I created an extract from 2010 SF2a (from IPUMS NHGIS) that contained counts (2,843,391) for Asian Indians which match the counts reported in Table 5 of the publication you linked to. I selected the total population table for 2010 SF2a from the DATA FINDER. On the options page, I first selected the Nation geographic level. Second, I opened the Race/Ethnicity Breakdowns pop-up, and selected the following checkboxes in the popup:

Asian Indian alone (400-401)
Asian Indian alone or in any combination (400-401) & (100-299) or (300, A01-Z99) or (400-999)

The Asian Indian alone (400-401) count in the output CSV was 2,843,391, and the Asian Indian alone or in any combination count was 3,183,063. Both of these counts are in Table 5 of the publication you linked to.

If you can provide more information about your data (the name of the table(s), the geographic level you selected, and the options you chose in the Race/Ethnicity Breakdown popup), I can try to look into why your estimate differs from the publication.

Dave Van Riper

Hello Dave,

Thanks so much for your response!
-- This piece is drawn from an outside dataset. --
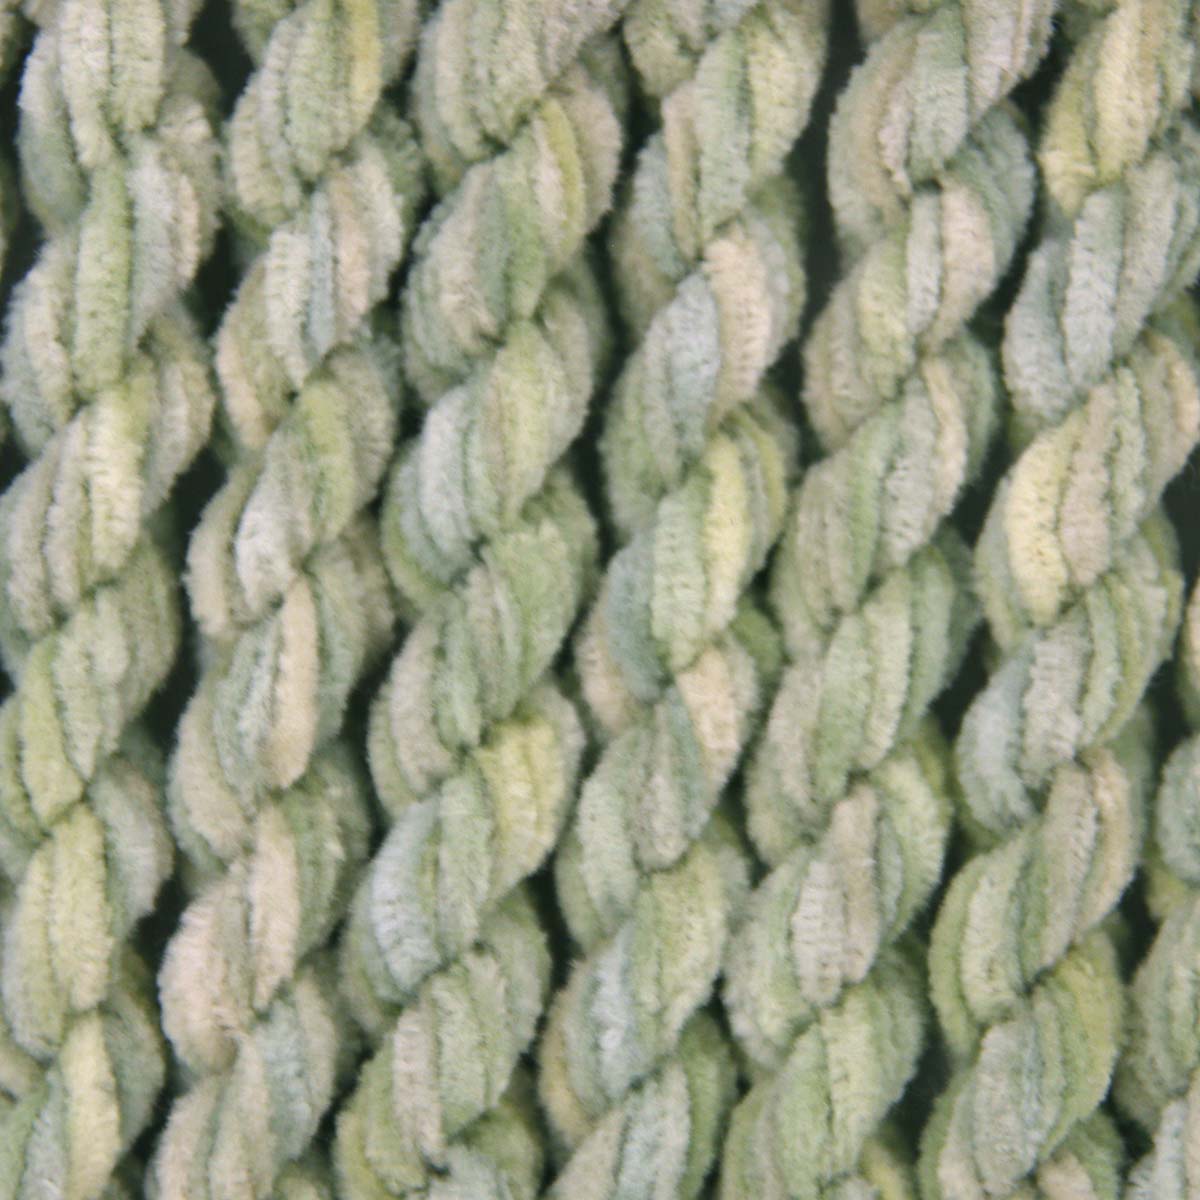 www.colourstreams.com.au Colour Streams Hand Dyed Chenille Threads Slow Stitch Embroidery Textile Arts Fibre DL 36 Salt Bush Greens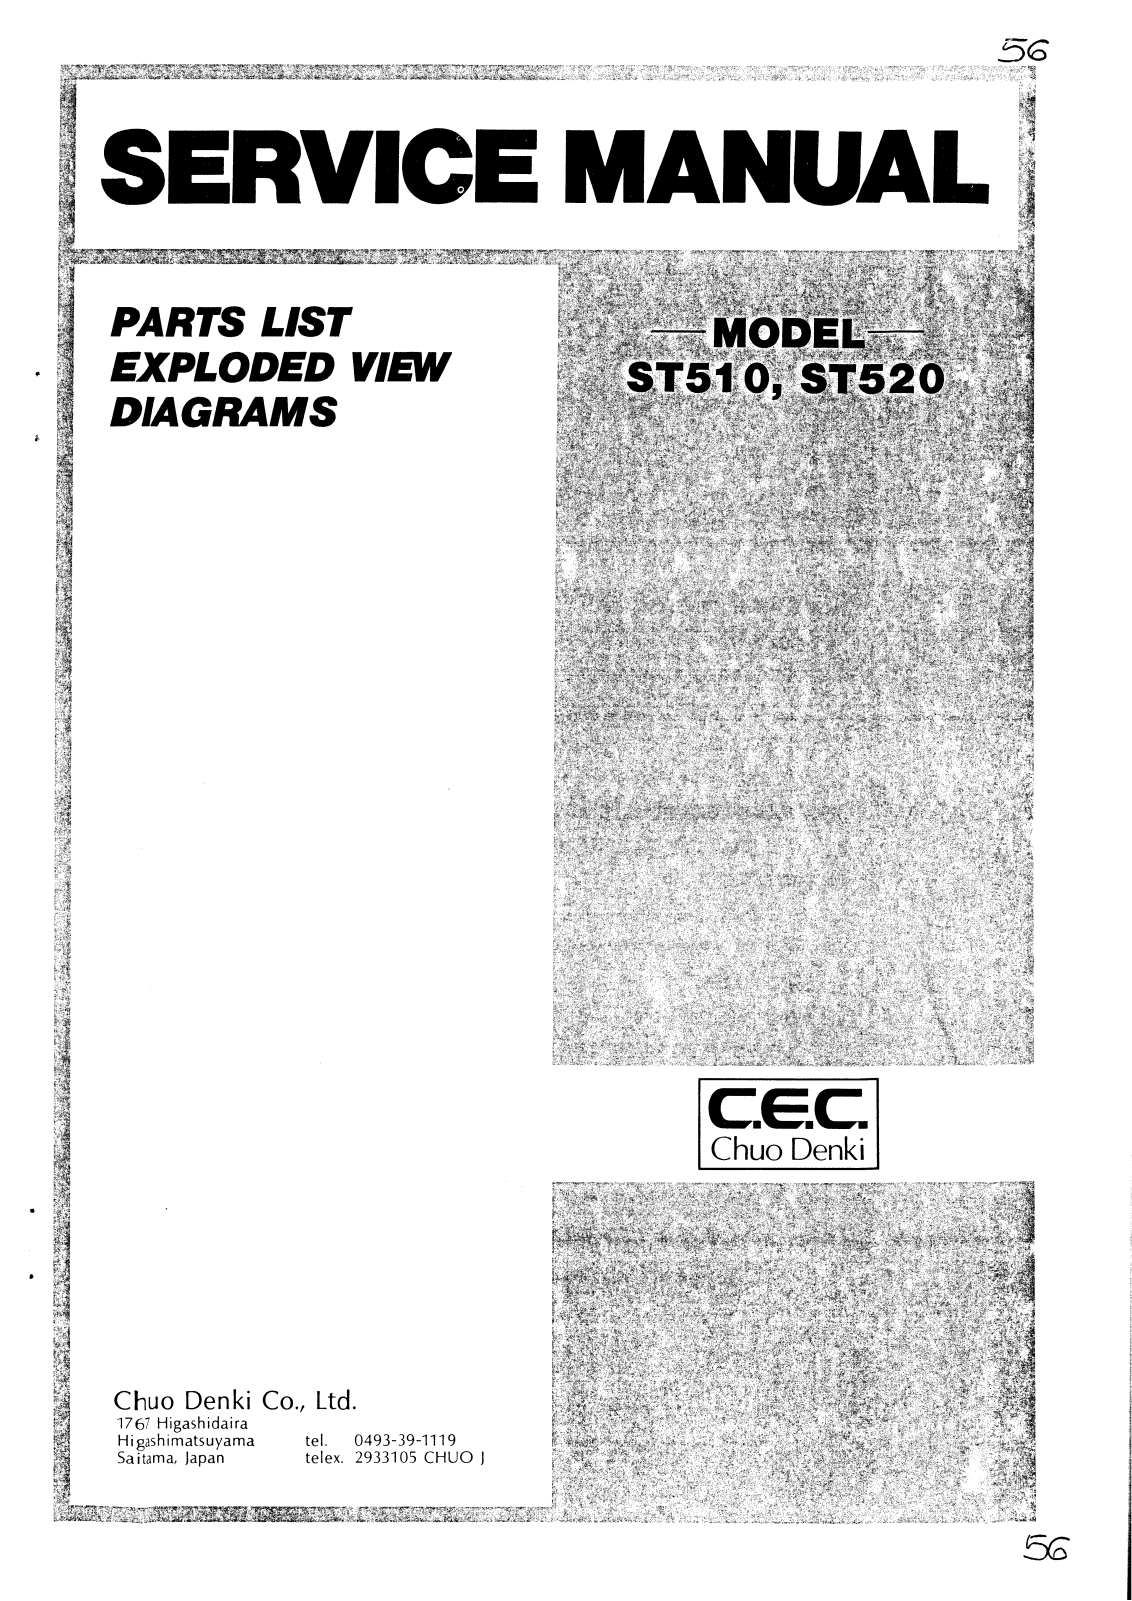 C.E.C. ST-510, ST-520 Service manual

It’s very reassuring that you were able to replicate the N’s from the publication. I’d be happy to provide the additional information you requested:

Geographic level: Census tract (by state-county)
Race/Ethnicity Breakdown: Asian Indian Alone (400-401)

For additional context, we chose Census tract as we have census tract level exposures we were hoping to merge onto the dataset for additional analyses. I had calculated my total Asian Indian Alone population by adding together all of the census-specific n’s after applying the restrictions above. Please let me know if there’s any other information that I can provide that might be helpful!

Kind regards,


Dear Joey,

For the 2010 Summary File 2, the Census Bureau uses suppression when there are fewer than 100 people identifying as a specific detailed race/ethnicity group in a specific geographic unit. Thus, while there were a certain number of Asian Indians in the entire US, not all census tracts contained 100 Asian Indians. When there were fewer than 100 Asian Indians in a census tract, the Bureau suppressed the Asian Indian count for that tract. The specific text from the Bureau’s technical documentation is:

The presentation of SF 2 tables for any of the 331 population groups is subject to
a population threshold of 100 or more people. That is, if there are fewer than 100 people in a specific
population group in a specific geographic area, their population and housing characteristics data are not available for that geographic area in SF 2

When you sum the Asian Indian count for census tracts, the nationwide total will be reduced because of suppression.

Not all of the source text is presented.